Some just happened to become journalists, but most (71%) of them chose journalism as a career and planned accordingly. Very few began on TIME. With an exception or so, they came to us from newspapers and magazines all over the U.S.—especially from the New York Times and Herald Tribune, the St. Louis Post-Dispatch, and the Seattle Times—after about ten years’ work apiece as reporters, re-writemen, editors, editorial writers, critics, sports writers. One put in 15 years on the Rand Daily Mail in Johannesburg, South Africa.

Their backgrounds are about what you would expect: almost half of them are the sons of professional men who were mainly clerics, professors, doctors, lawyers, journalists. One-fourth of their fathers were businessmen; the rest were farmers, auditors, a railroad conductor, etc. Their mothers (51% of them) were housewives, but the rest practiced a variety of occupations such as school teacher (14%), concert pianist, actress, periodical illustrator.
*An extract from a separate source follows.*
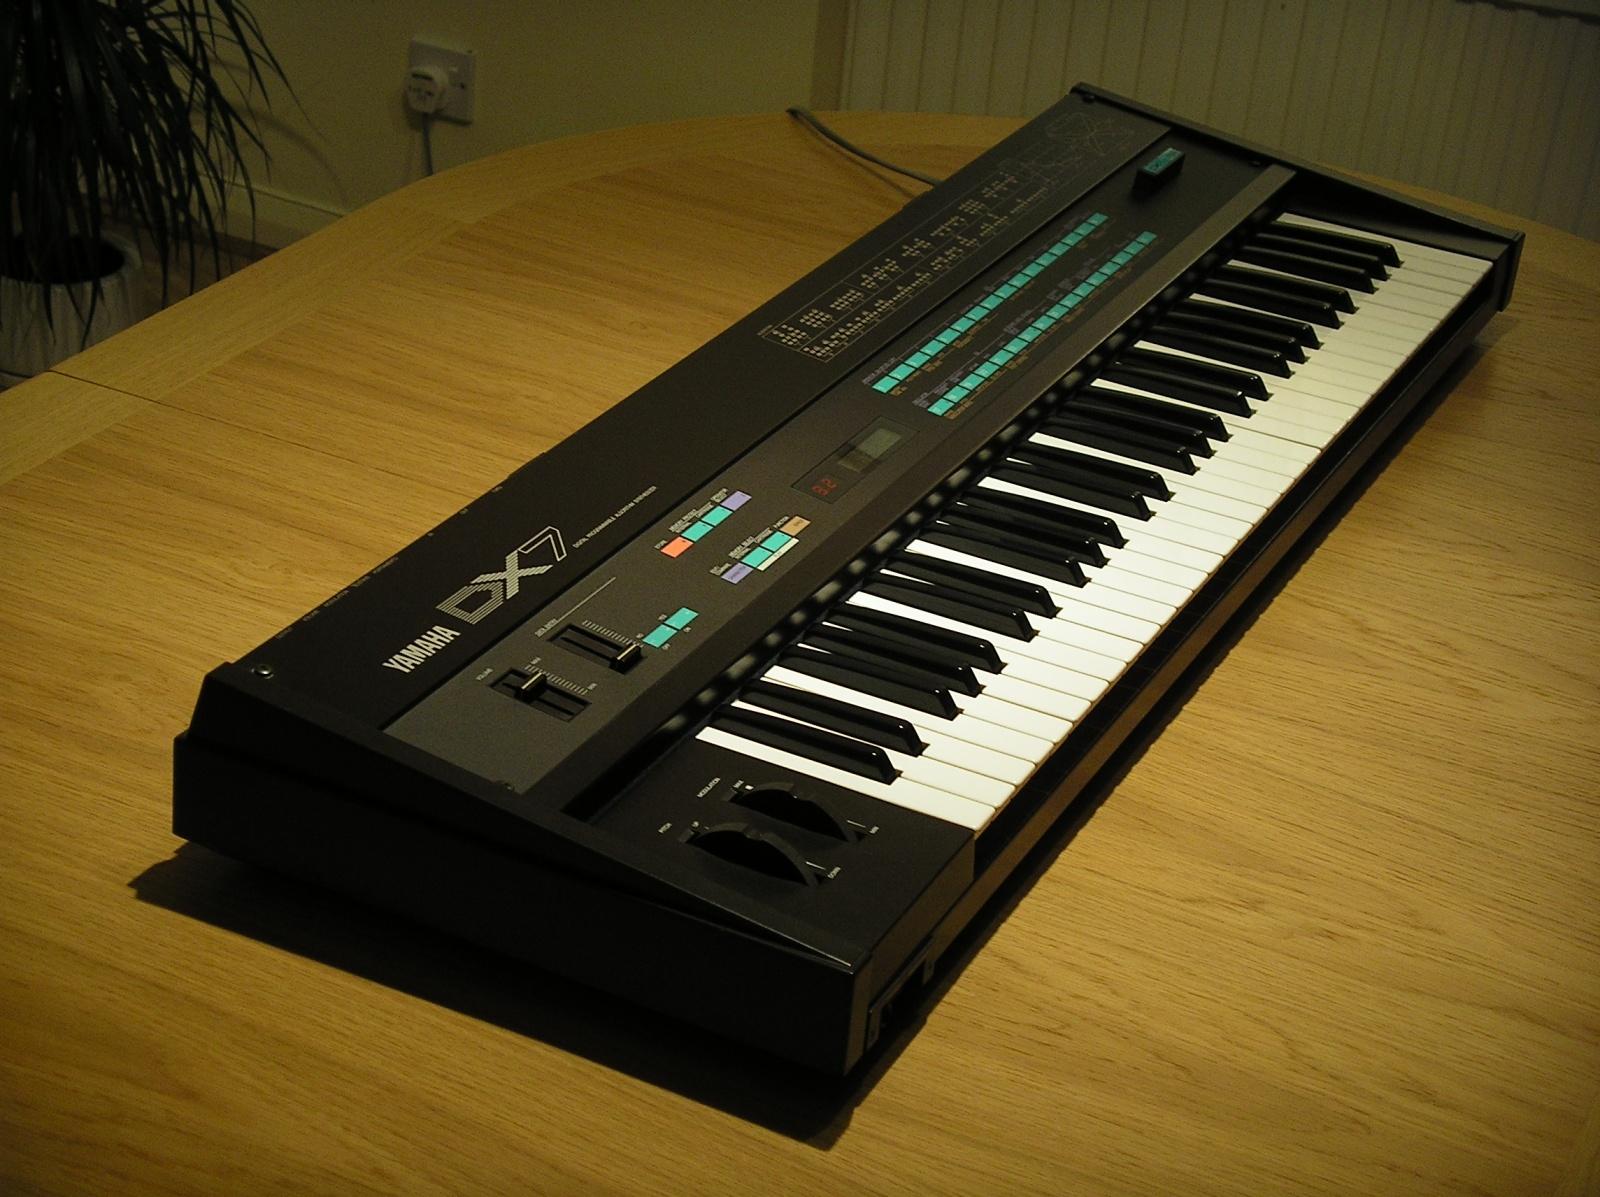 AudioKit и синтезирование звука в iOS-OSX - 10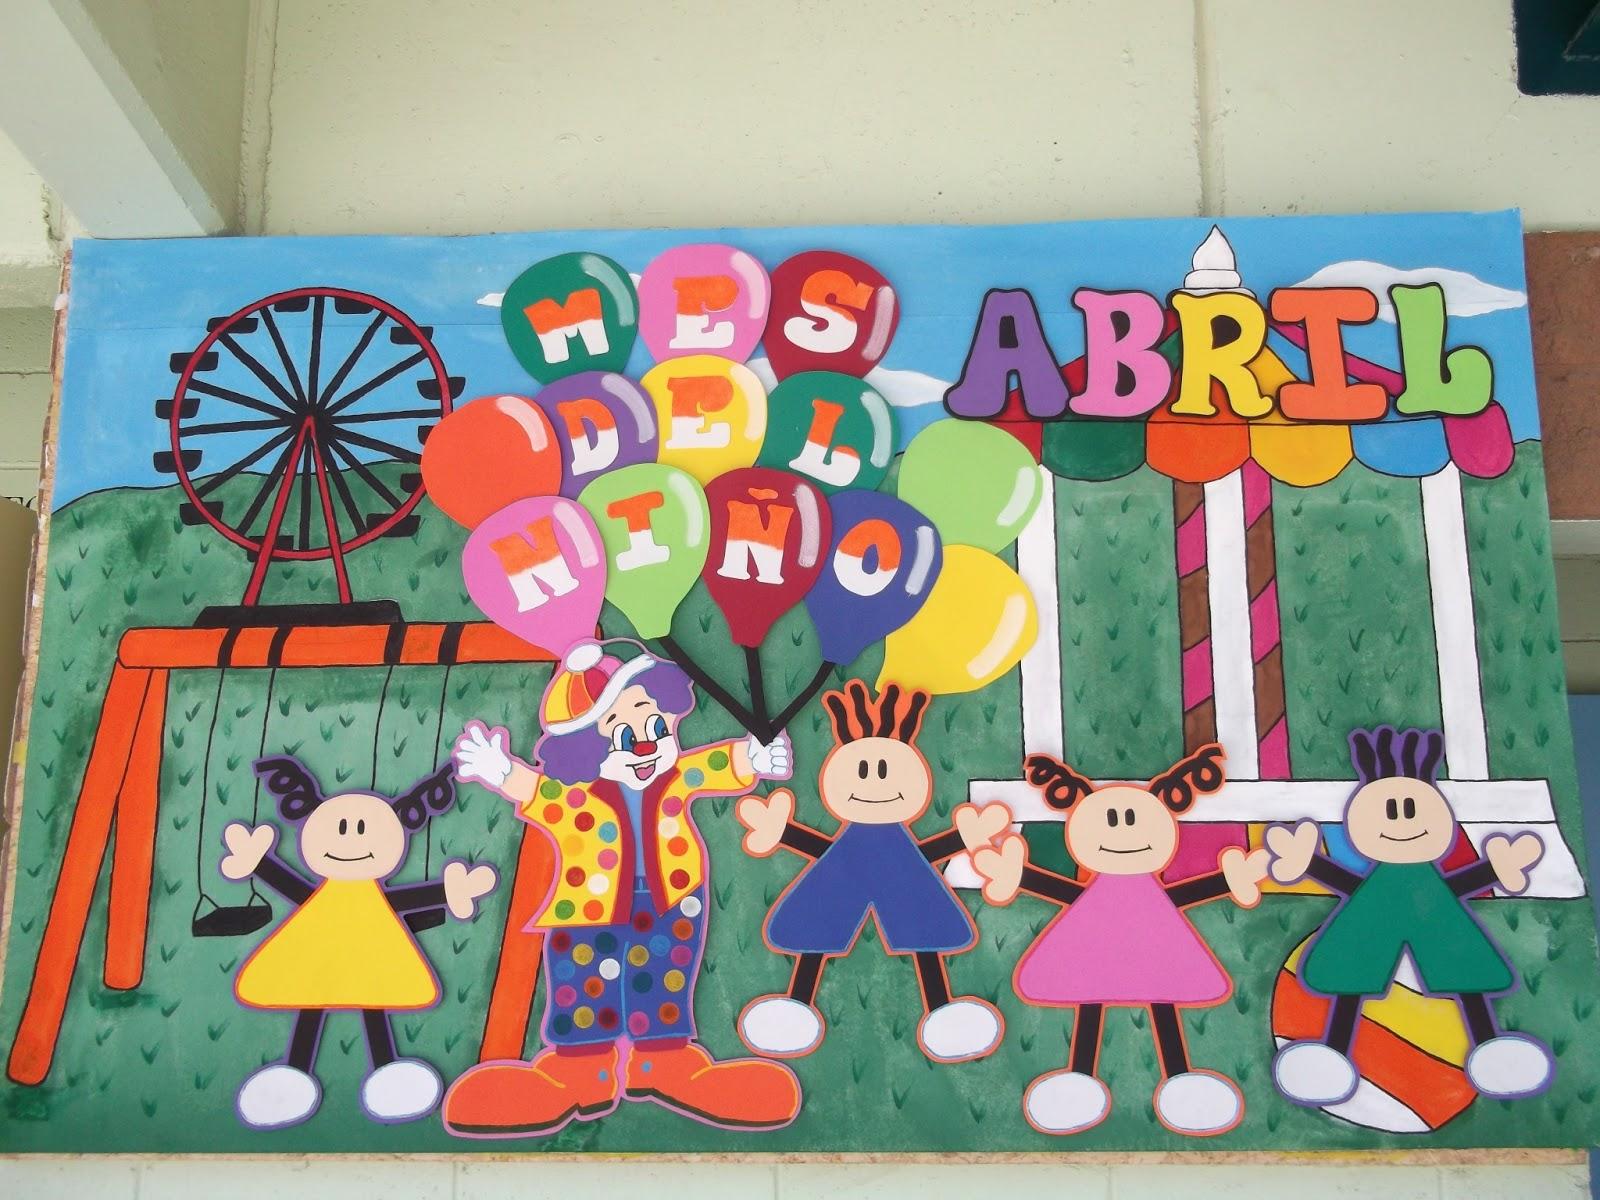 Decoraciones infantiles the teacher octubre 2013 for Decoraciones infantiles

The editors themselves came from half the states of the Union—although New York and Ohio predominate—and a few foreign countries; and the colleges and universities they attended (72% got degrees) are similarly scattered. Almost a third of them went on to graduate school at Harvard, Oxford, Duke, Columbia, etc., where 17% earned degrees. Although a little better than one-half of them went straight from college into journalism, the rest took first-jobs as teachers, clerks, pressagents, warehousemen, gas meter readers. One was “a wiper on a coastal steamer.”

They have been around plenty. Almost all of them have been abroad, and 50% have lived in foreign countries all over the world. As a result, better than half of them speak foreign languages, and one can get along in Malay dialect.

The published works that about 60% of them have to their credit form an impressively long list of novels, plays, essays, poetry, and magazine pieces. Interestingly enough, their wives (82% of whom went to college) have done considerable writing, too: half of them are, or have been, writers, and 34% have had their work published.

Asked to disclose some of the details and idiosyncrasies of their private lives, the editors sounded off like everyday American citizens. None admits to being a tightwad, but 40% admit that they are definitely extravagant. Five swear they have green eyes. Three out of four say they dress “so-so,” and you seldom catch them out in dinner clothes or tails. Like most big city dwellers, 71% pay rent for their homes, and 40% own cars. The rest live in the suburbs and pursue suburban hobbies on their own time. They go to the movies and theater four times a month, opera and concerts rarely. They smoke hard (1¾ packs a day), and only two are teetotalers. Half of them have a servant, and one, the lucky fellow, has three.

As for what they would “rather do than be a journalist,” the editors offer a rash of suggestions from farmer and house carpenter to locomotive engineer and successful novelist. One wants to “be a good writer”; another would like to get some sleep; two would prefer to comb beaches; and one disgruntled citizen proclaims, “I bitterly oppose work of all kinds.”

But 20% say there is nothing they would rather do than be journalists.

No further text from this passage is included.